HASARD ? HASARD ?

Transcription

HASARD ? HASARD ?
HASARD ? HASARD ?
La petite fille était en colère. Elle marchait vite sur le sentier et
pleurait à chaudes larmes.
Elle n’avait pas peur dans la forêt, non, elle s’y sentait chez elle. Elle
connaissait tous les arbres environnants, les noms des animaux, petits
et grands qui parfois se laissaient approcher lorsqu’ils étaient blessés.
Seulement aujourd’hui elle venait d’être envoyée pour ramasser des
plantes. Sa mère et ses sœurs réalisaient des potions. Il n’y avait
qu’elle qui reconnaissait les plantes que leur mère lui demandait de
ramener. Cette dernière avait perdu la vue suite à un mélange
malheureux de décoctions.
Elle ne supportait pas l’odeur des mixtures préparées à longueur de journée dans la masure en
bois. Elle préférait l’odeur des champs, des fleurs et des arbres.
Sa mère et ses sœurs s’amusaient follement à préparer des fluides ayant des résultats du
genre : faire pousser la poitrine chez le bûcheron voisin qui leur avait refusé des bûches de
bois quand elles étaient sans le sou, ou se couvrir de poils pour la matrone qui avait fait
fouetter Cornaline, sa sœur aînée qui s’était fait prendre en train de lui soutirer sa bourse.
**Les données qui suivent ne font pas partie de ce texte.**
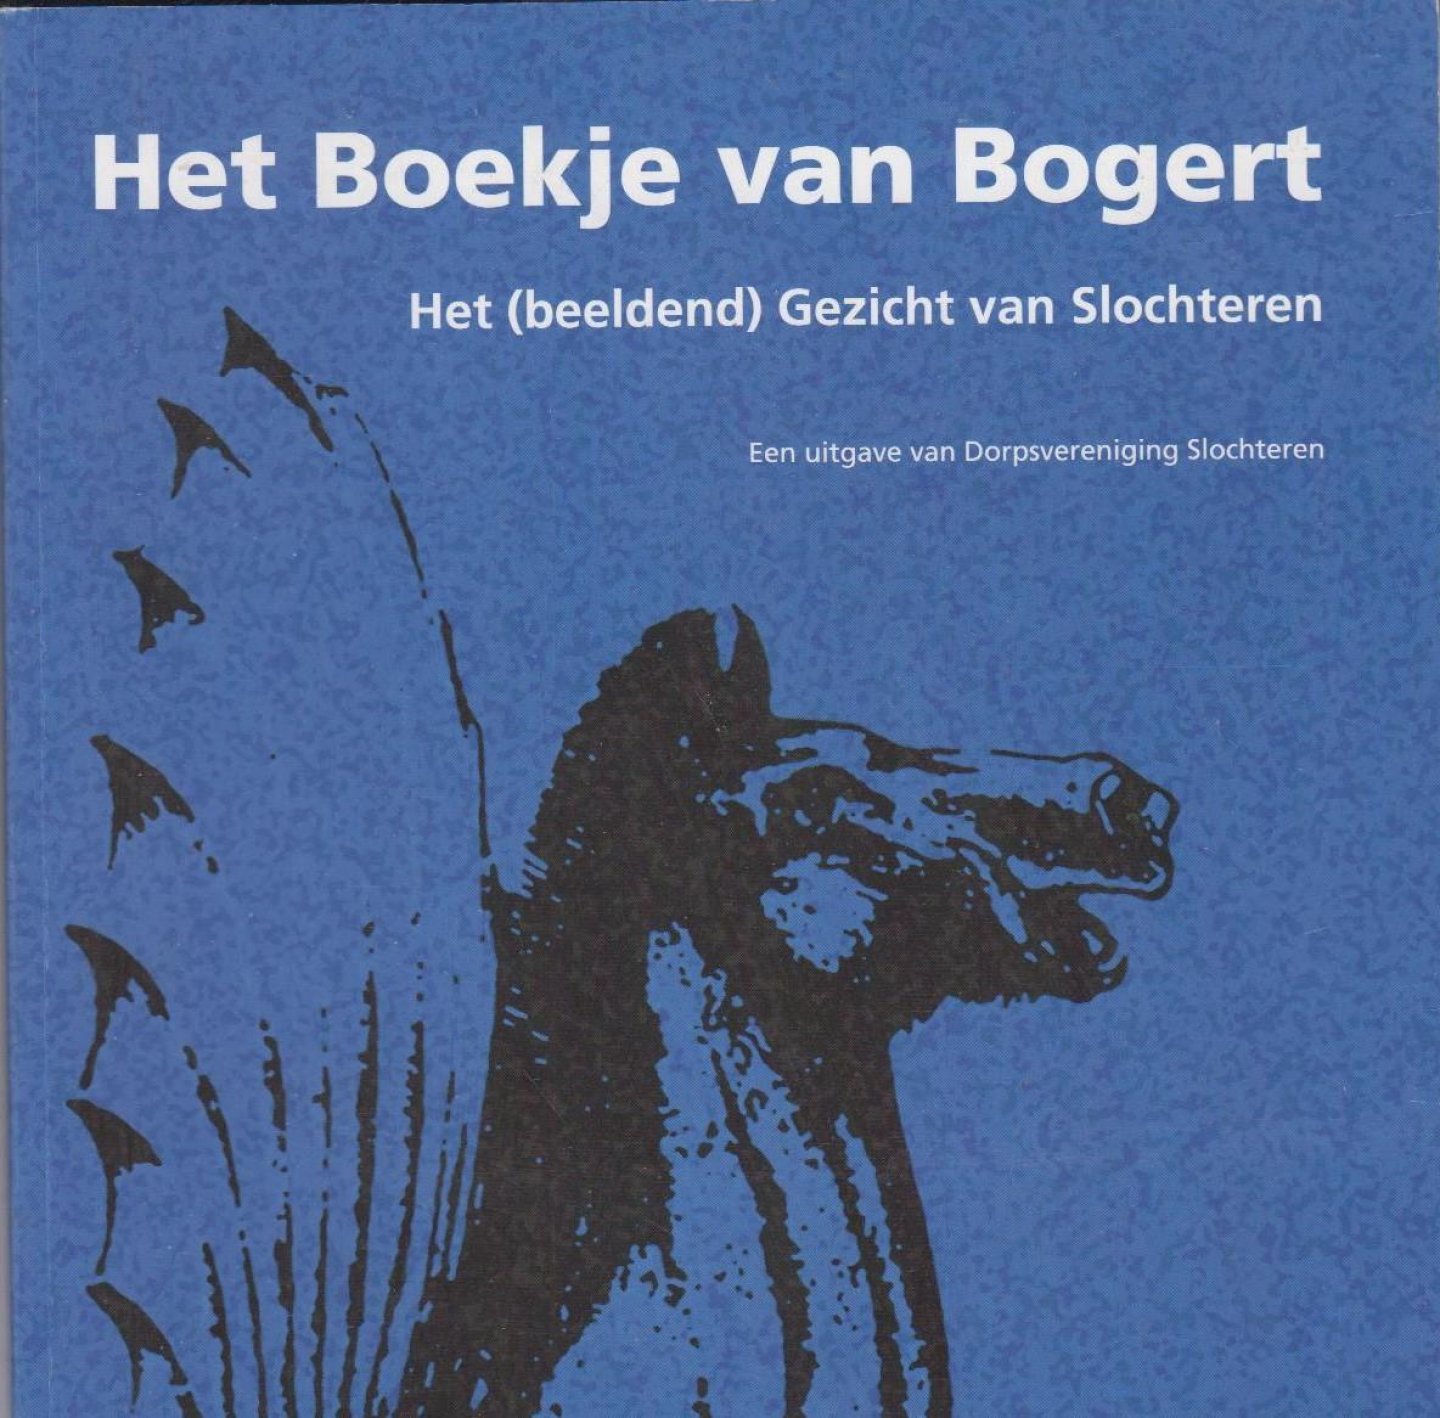 Arnold van Calker, Sietse Boiten, Herman Sandman - Het boekje van Bogert: het (beeldend) gezicht van Slochteren

Aujourd’hui elles voulaient faire payer un petit garçon qui s’était moqué d’elles. Elles
voulaient le faire changer en porcelet pour une année entière.
Carry ne savait pas quoi faire pour empêcher cela.
Elle pleurait tellement qu’elle dépassa l’orée du bois sans s’en apercevoir.
Elle n’était jamais allée aussi loin. Elle n’avait que 7 ans et sa mère lui avait toujours interdit
de dépasser le grand chêne.
Elle s’arrêta net et regarda autour d’elle. Elle vit au loin une maison dans un parc et la
curiosité la poussa à s’avancer.
Elle parcourut une cinquantaine de mètres et se trouva face à un muret surmonté d’une jolie
grille. Absorbée par la contemplation des dessins de la grille, elle fit le tour et se retrouva
devant la grande entrée fermée par un portail majestueux.
Un détail attira son attention : au milieu du portail se trouvait la représentation d’un animal.
Cet animal, elle le connaissait, elle en avait déjà vu, mais surtout, elle en portait un en
pendentif : une salamandre. Cette salamandre avait la même couleur bleue et vert que son
pendentif.
Elle était en pleine admiration lorsque le portail s’ouvrit et qu’une calèche déboula vers elle.
Le cocher, furieux lui hurla de s’en aller, mais une petite voix à l’intérieur lui donna l’ordre de
s’arrêter.
Un petit garçon en sortit et Carry reconnut l’enfant à qui un sort devait être jeté.
Le petit garçon devait avoir 5 ou 6 ans et n’était pas seul dans la calèche. Une dame en
descendit également pour savoir ce que son fils voulait à cette gamine en guenilles.
Carry qui n’avait jamais la langue dans sa poche se trouvait cependant muette comme une
carpe car elle ne savait pas comment prévenir cette personne du sort qui attendait son fils.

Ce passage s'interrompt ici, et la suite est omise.